As distracted driving and the amount of DWI (driving while intoxicated) convictions have risen, so has Virginia’s concern for its residents. With more than 42,000 crashes on their roadways and 325 fatalities in their state this year alone, the State of Virginia is taking matters into its own hands and adding a few new driving laws that will take effect July 1st. Here are three driving laws the Virginia General Assembly passed that may affect how you drive before the holiday weekend:

DWI/DUI Convictions (Virginia Code Section 18.2-270): Prior to this new law change, being convicted of a DWI is not a felony unless it is your third offense within a 10 year period.

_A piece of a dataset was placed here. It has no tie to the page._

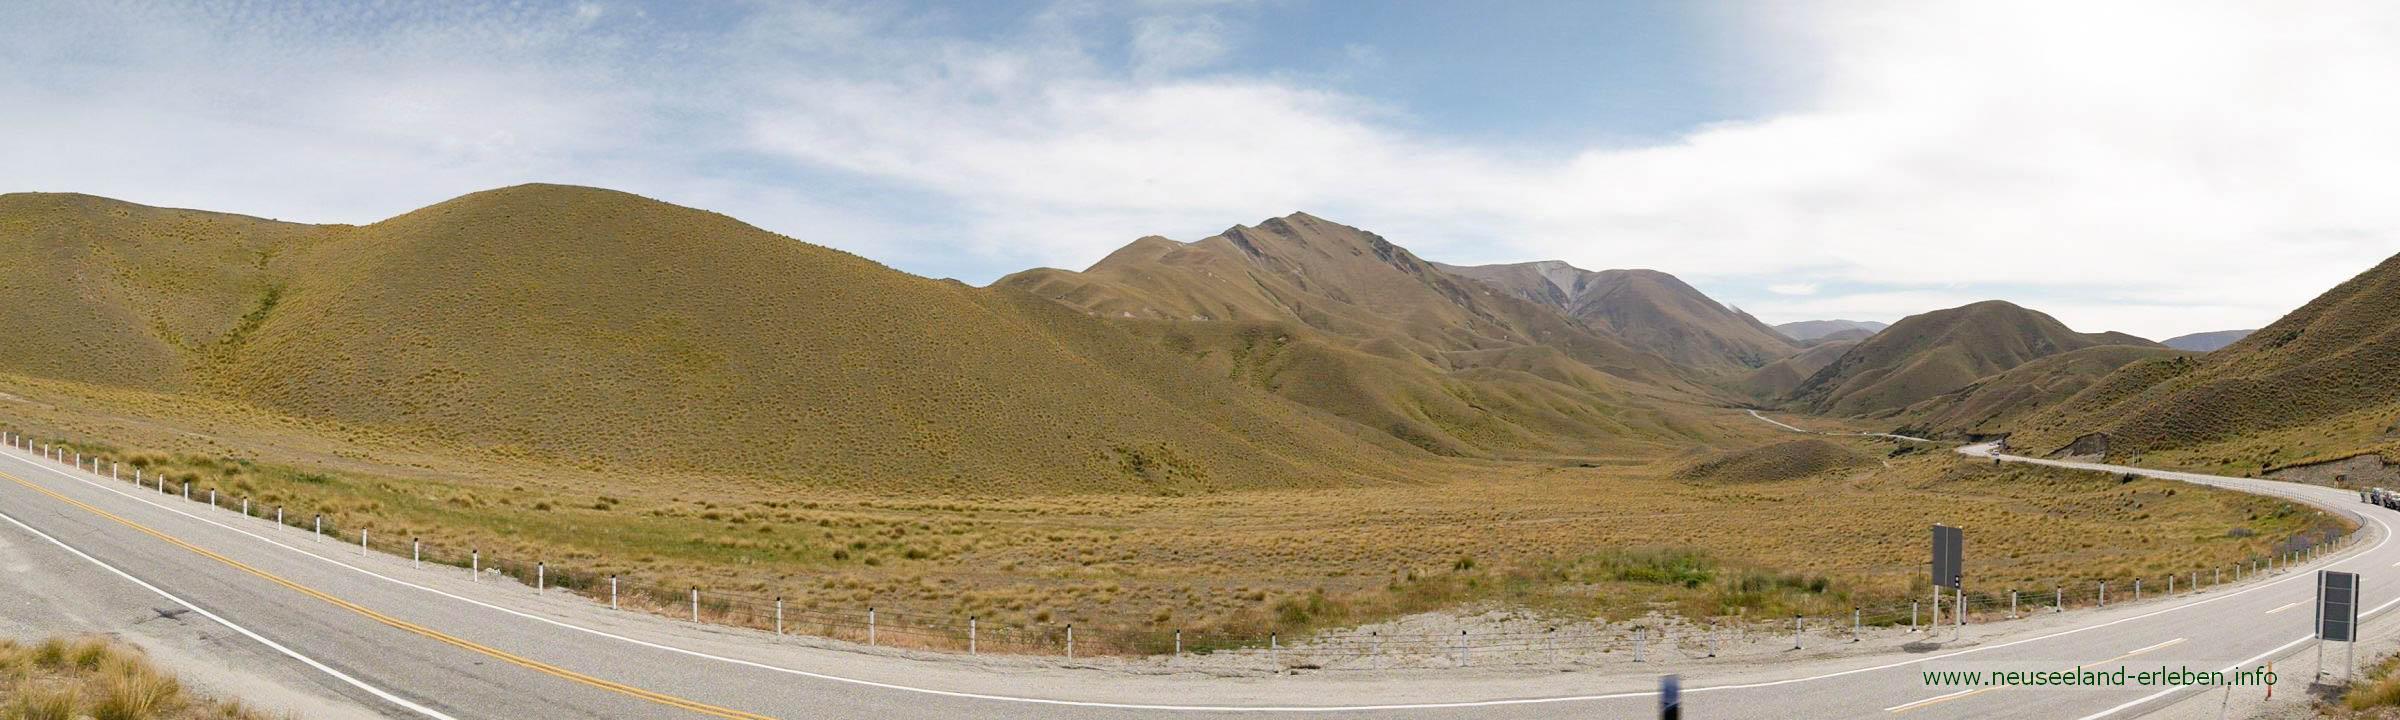 Lindis-Pass auf Neuseeland

However, starting July 1st, if you are convicted of a DWI, you will receive a felony if you have any of the following previous convictions:

  • DWI maiming
  • Involuntary manslaughter alcohol
  • Involuntary manslaughter alcohol boating
  • DWI third offense or subsequent
  • Boating while intoxicated maiming

When found guilty of this crime, you will be required to pay a minimum of $1,000 and a minimum of one year’s time in prison.

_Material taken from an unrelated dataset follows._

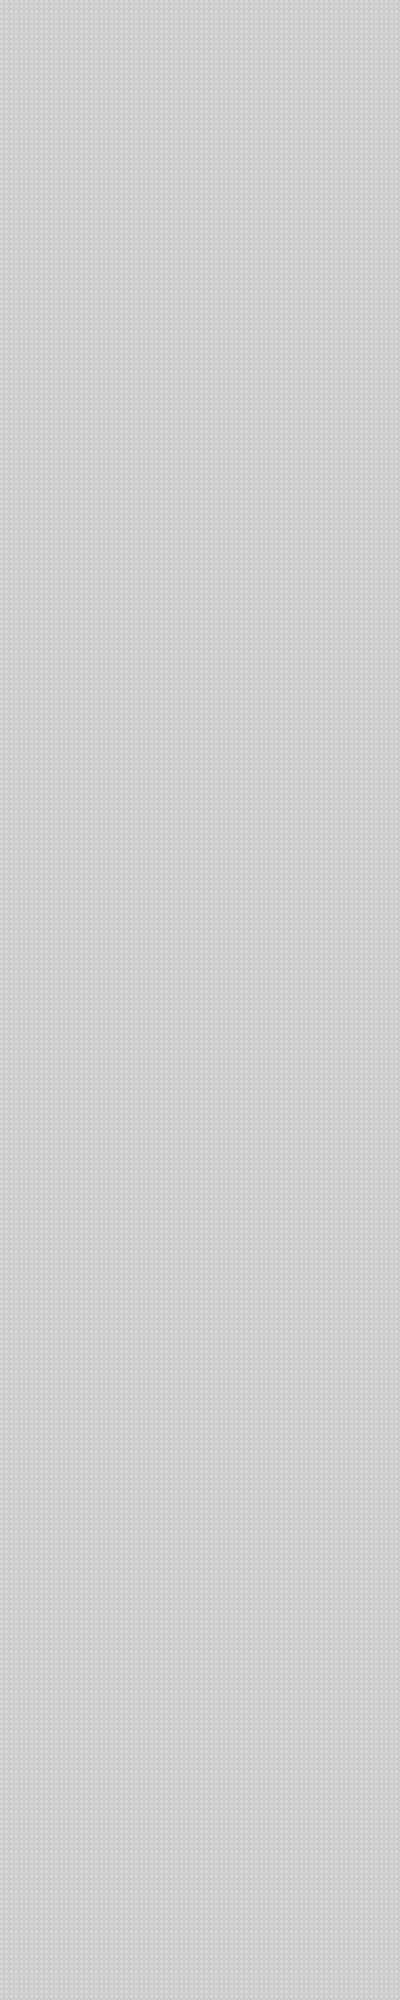 sidebar-background.png

Texting While Driving (Virginia Code Section 46.2-1078): As many know and I have stated in previous posts, distracted driving has become quite the epidemic. Just in Virginia, more than 20% of all crashes in 2012 were due to drivers who were distracted with about 1,700 of those motorists preoccupied with their cellular devices. This new law will make texting while driving a primary offense instead of a secondary offense, as it is right now. No matter how old you are, you will be accountable for your actions.

This conviction will cost you $125 if it is your first offense, but if you receive a second or subsequent offense, you will be paying $250.

Expanded Provisional Driver’s License Use (Virginia Code Section 46.2-334.01): If you are a teen under 18 years of age, this new law might just put a smile on your face. This law will allow you, if you are the holder of a provisional driver’s license, to drive between midnight and 4:00 am if coming from a supervised activity by an adult sponsored by a civic, religious, or public organization. This will add on to the already existing law allowing you to drive between these hours if coming from a place of employment of a sponsored school activity.

Remember to drive safe during your Fourth of July celebrations throughout the week and weekend. Not only are certain actions considered illegal, such as a DWI, they are also highly dangerous. If you are a teen driver and are now able to drive between the late night hours under those restrictions, remember to always be alert and drive defensively!